Source material:
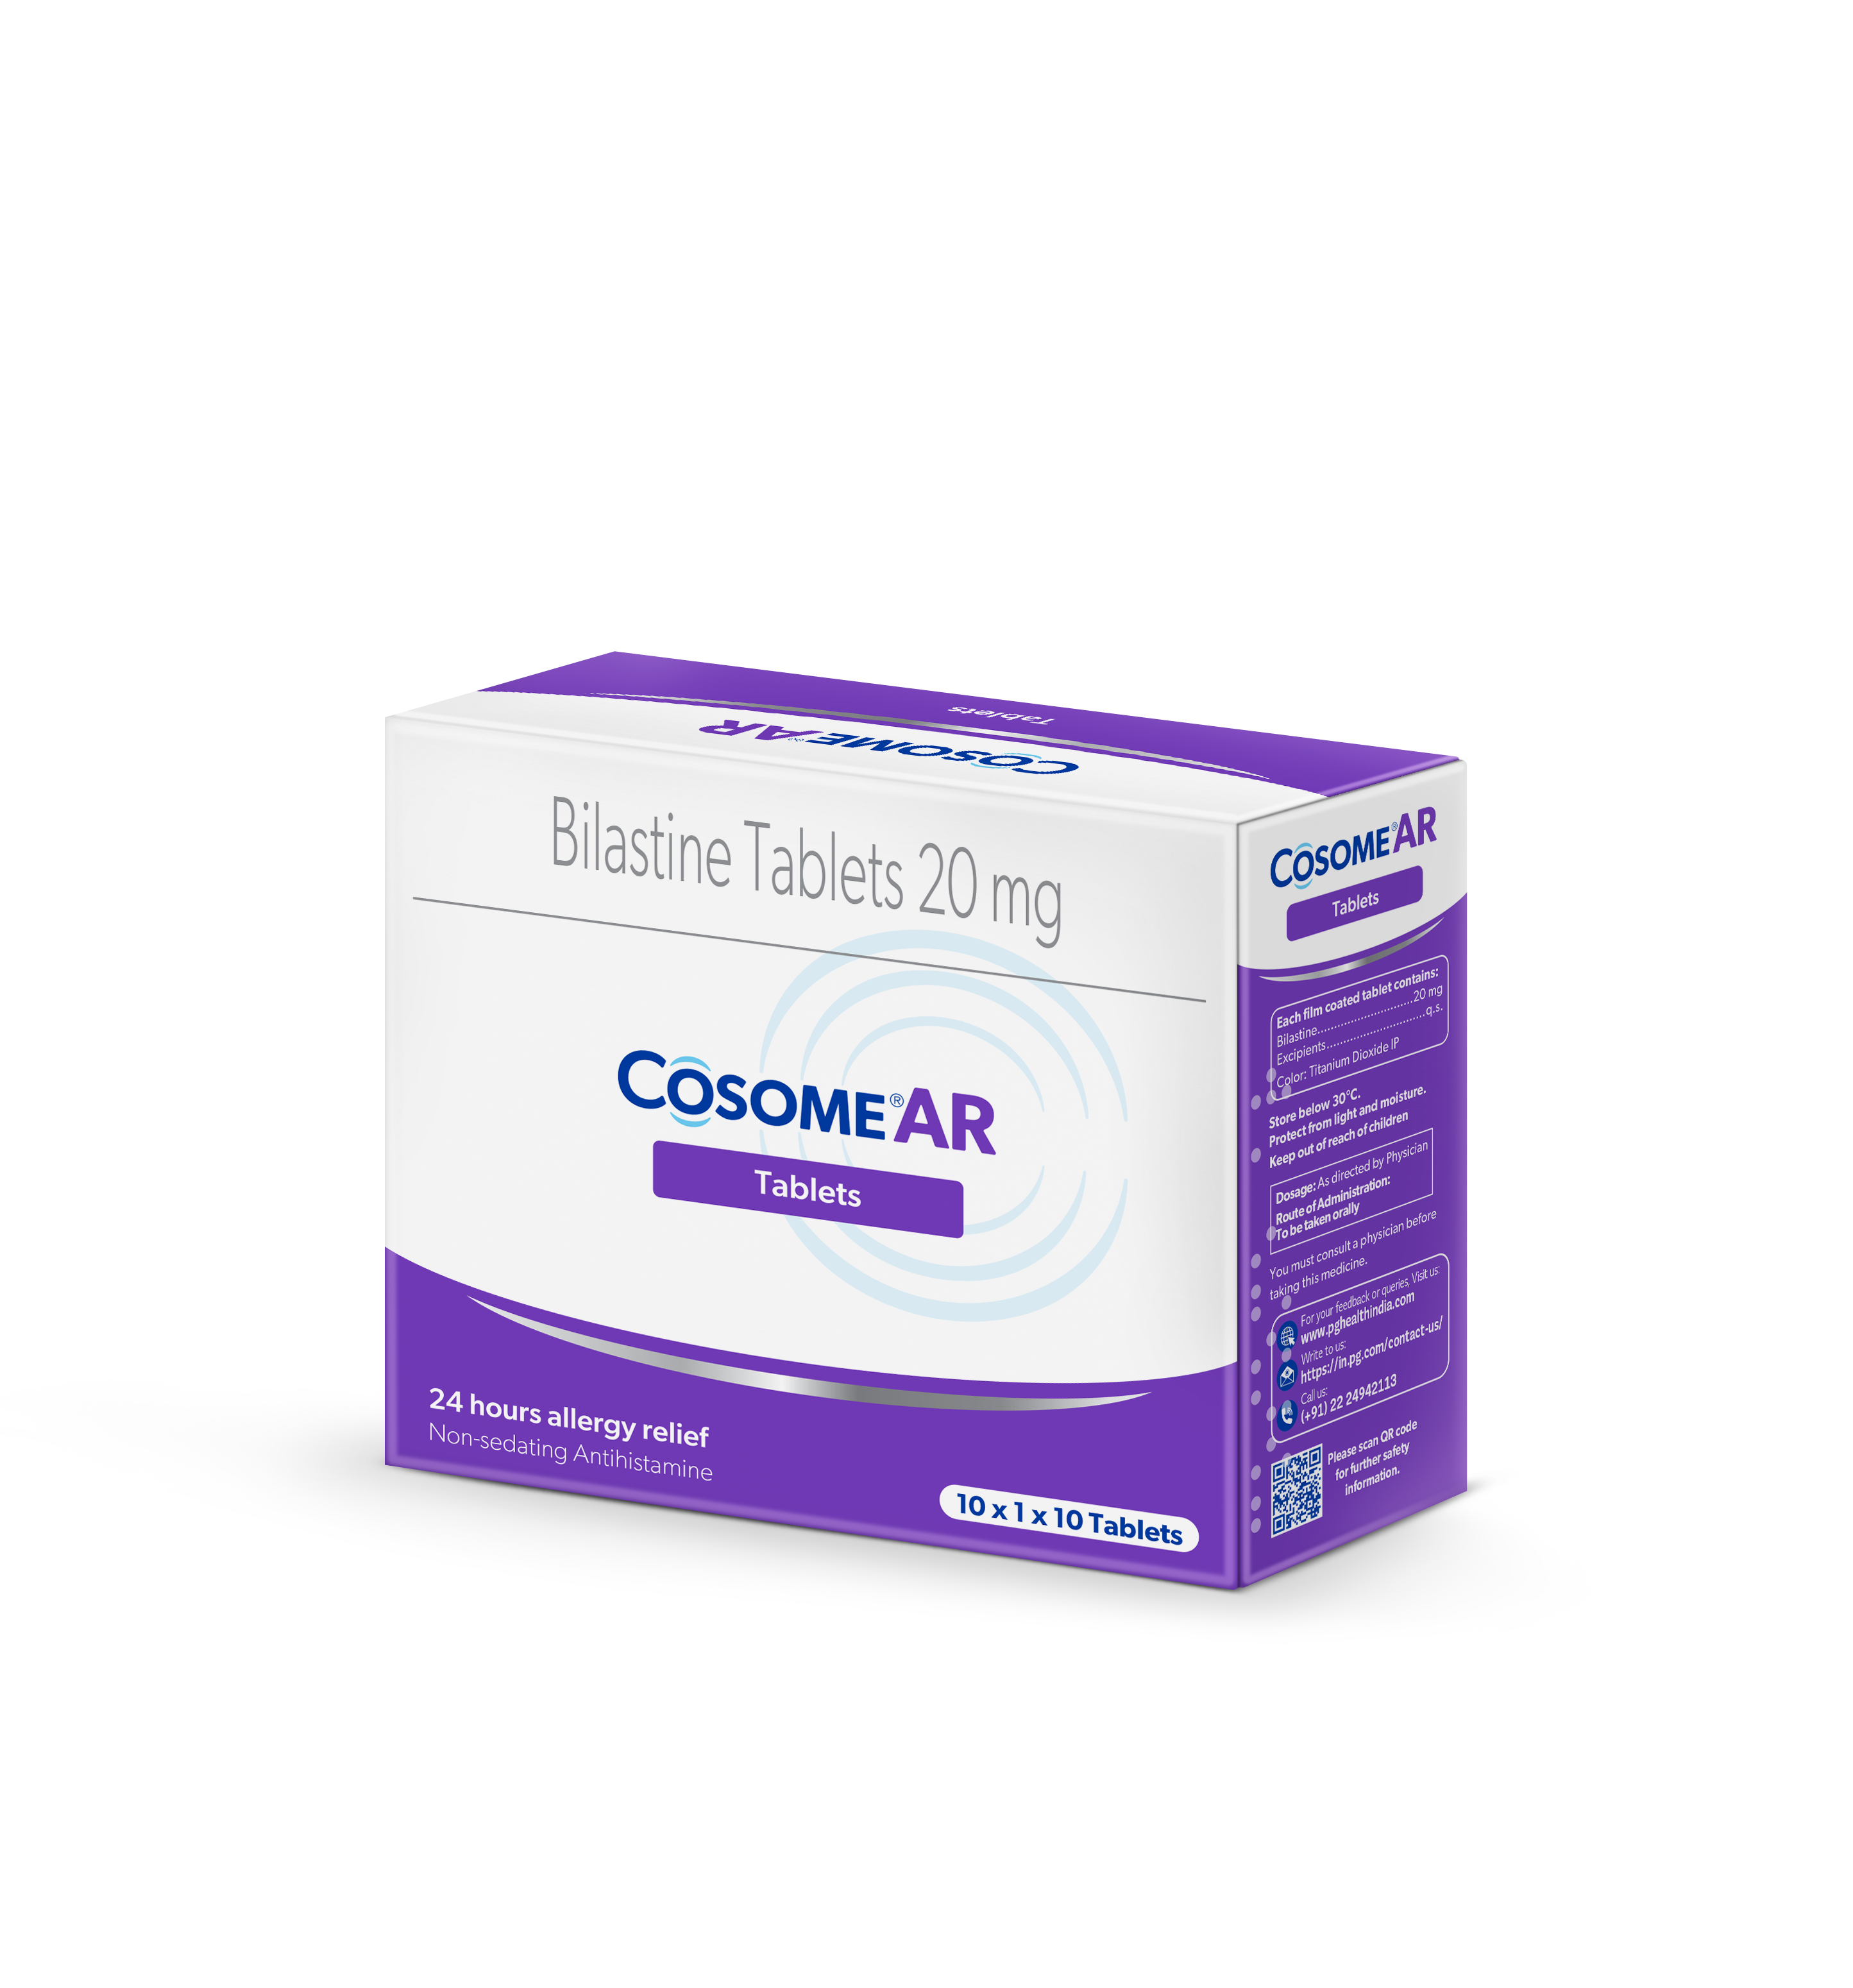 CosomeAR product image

--

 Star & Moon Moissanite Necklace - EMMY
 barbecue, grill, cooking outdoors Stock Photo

Problem to work on:
Extract from the listing above the lines between the line containing "Star & Moon Moissanite Necklace - EMMY" and the line containing "barbecue, grill, cooking", keeping both of those lines. Output nothing else.

Expected answer:
 Star & Moon Moissanite Necklace - EMMY
 barbecue, grill, cooking outdoors Stock Photo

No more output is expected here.